■ Work request ■
Using the records below, write out again exactly the lines that begin at the line containing "FDC Envelope ARAB" and end at the line containing "10 Pcs Shot", and no other lines.
### Records to use
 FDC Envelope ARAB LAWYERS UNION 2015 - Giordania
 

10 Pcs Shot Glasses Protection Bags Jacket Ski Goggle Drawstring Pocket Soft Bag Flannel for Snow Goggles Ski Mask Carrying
######
### Records to use
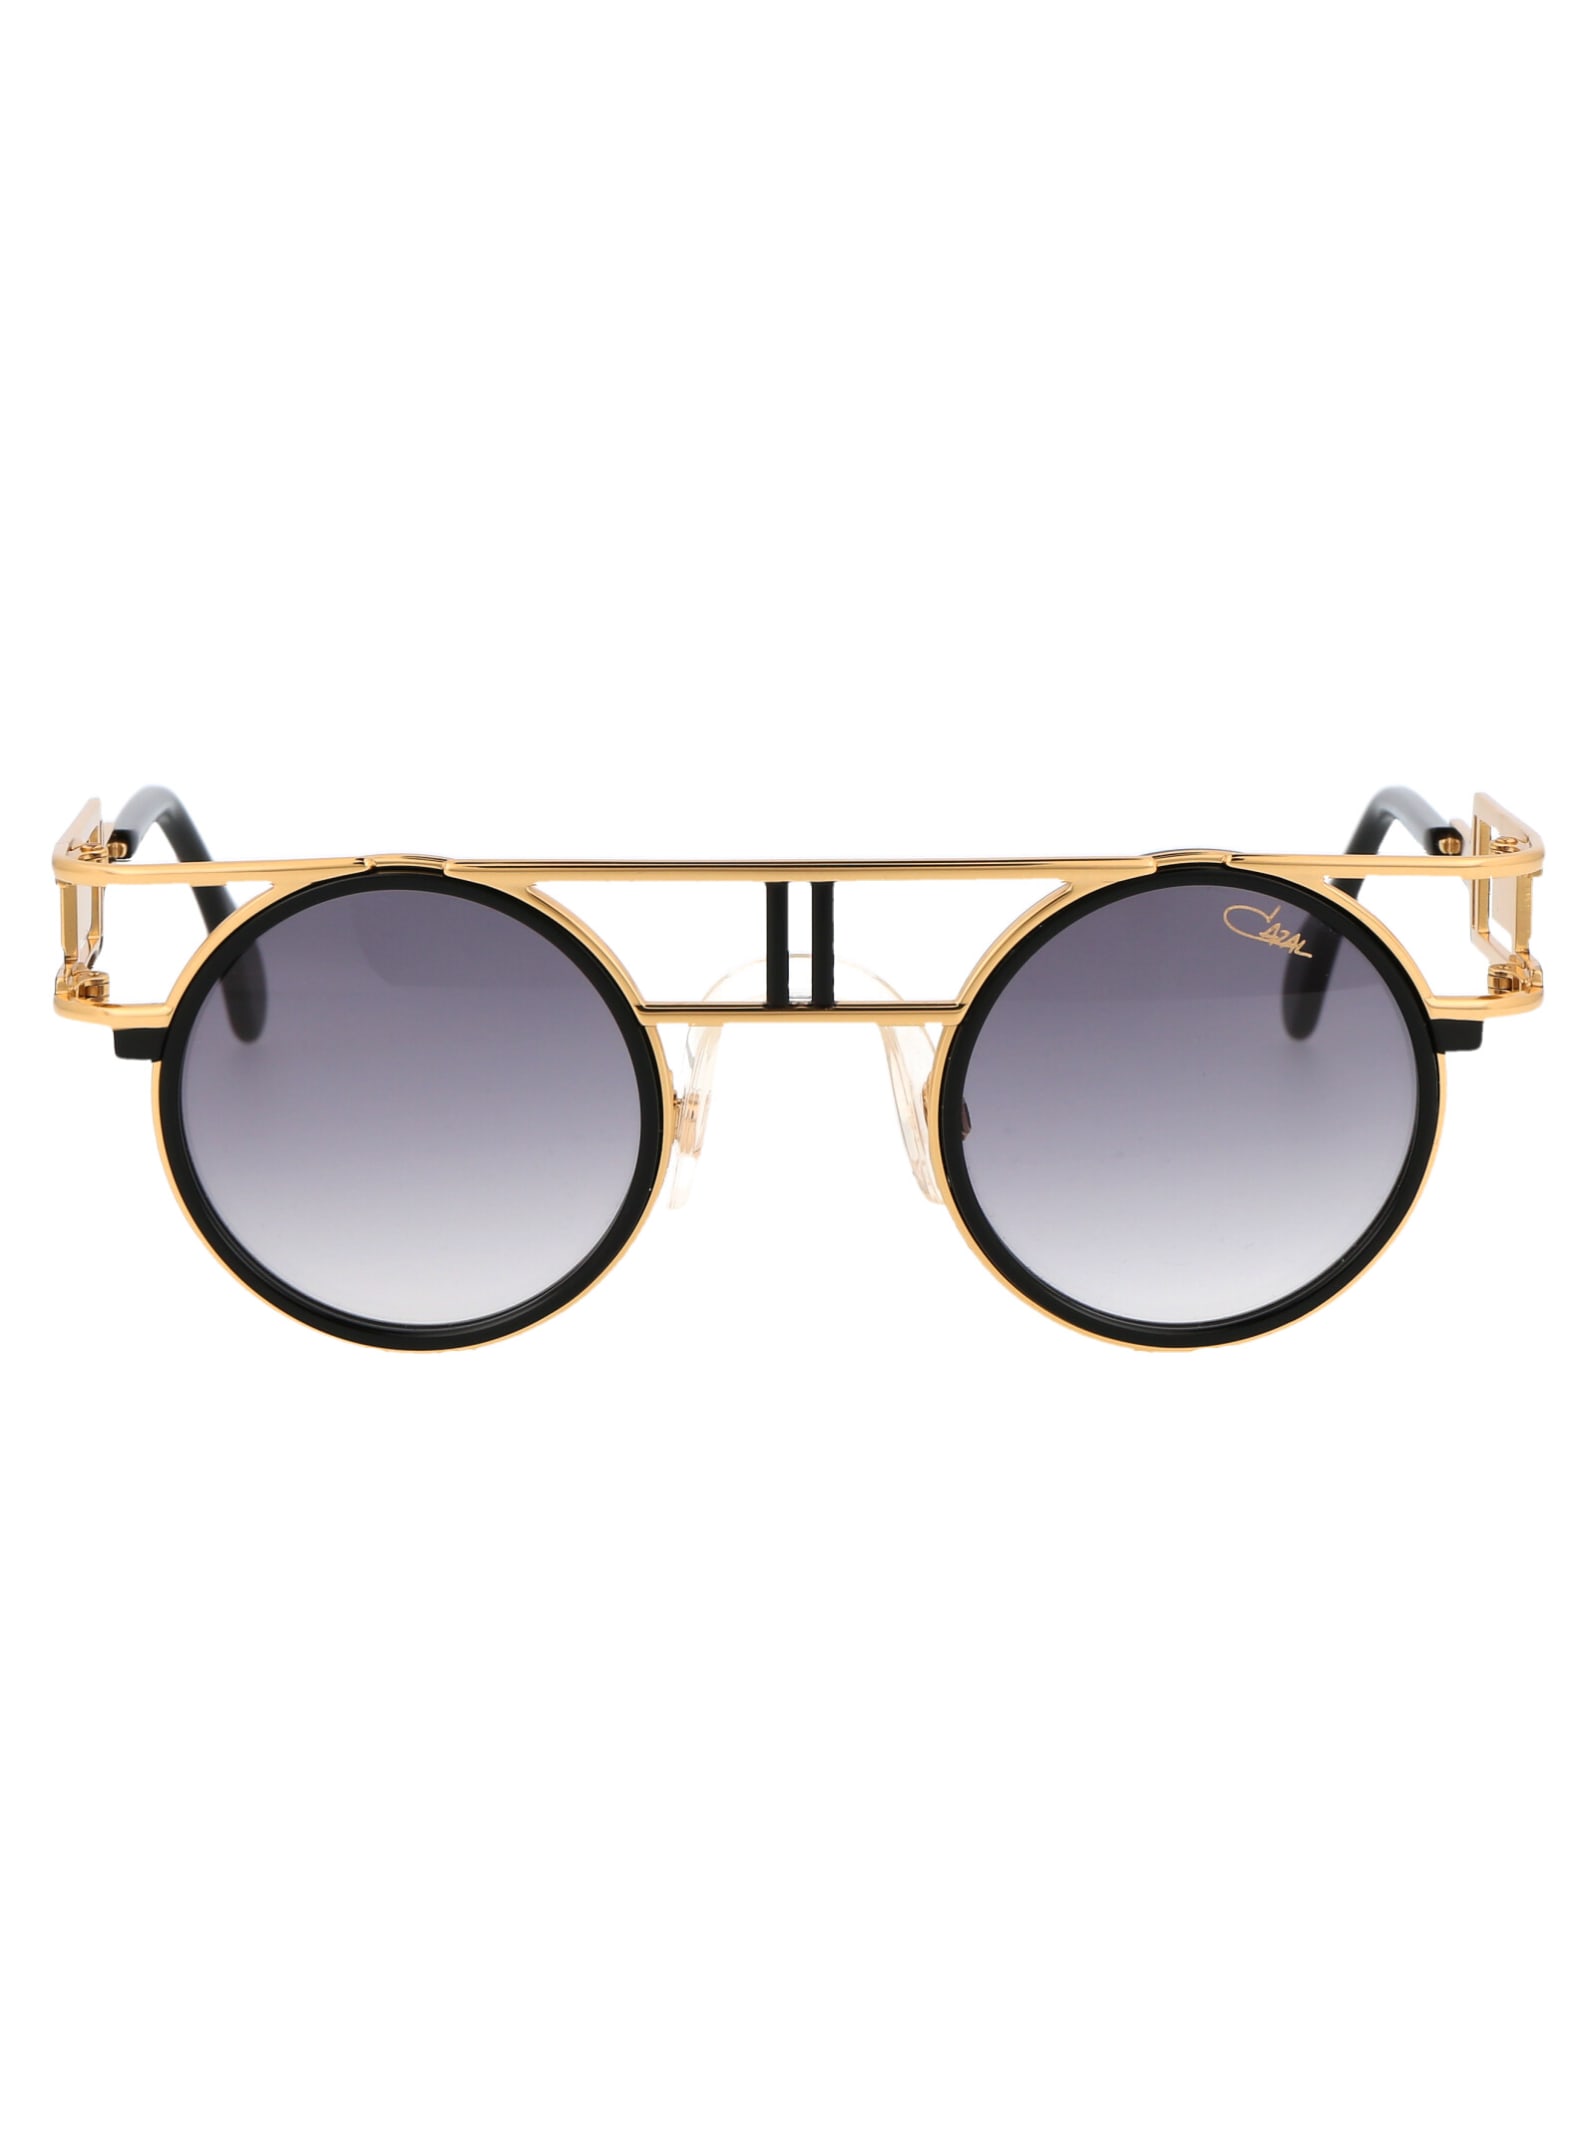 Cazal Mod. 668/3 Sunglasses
######
■ Exercise solution ■
 FDC Envelope ARAB LAWYERS UNION 2015 - Giordania
 

10 Pcs Shot Glasses Protection Bags Jacket Ski Goggle Drawstring Pocket Soft Bag Flannel for Snow Goggles Ski Mask Carrying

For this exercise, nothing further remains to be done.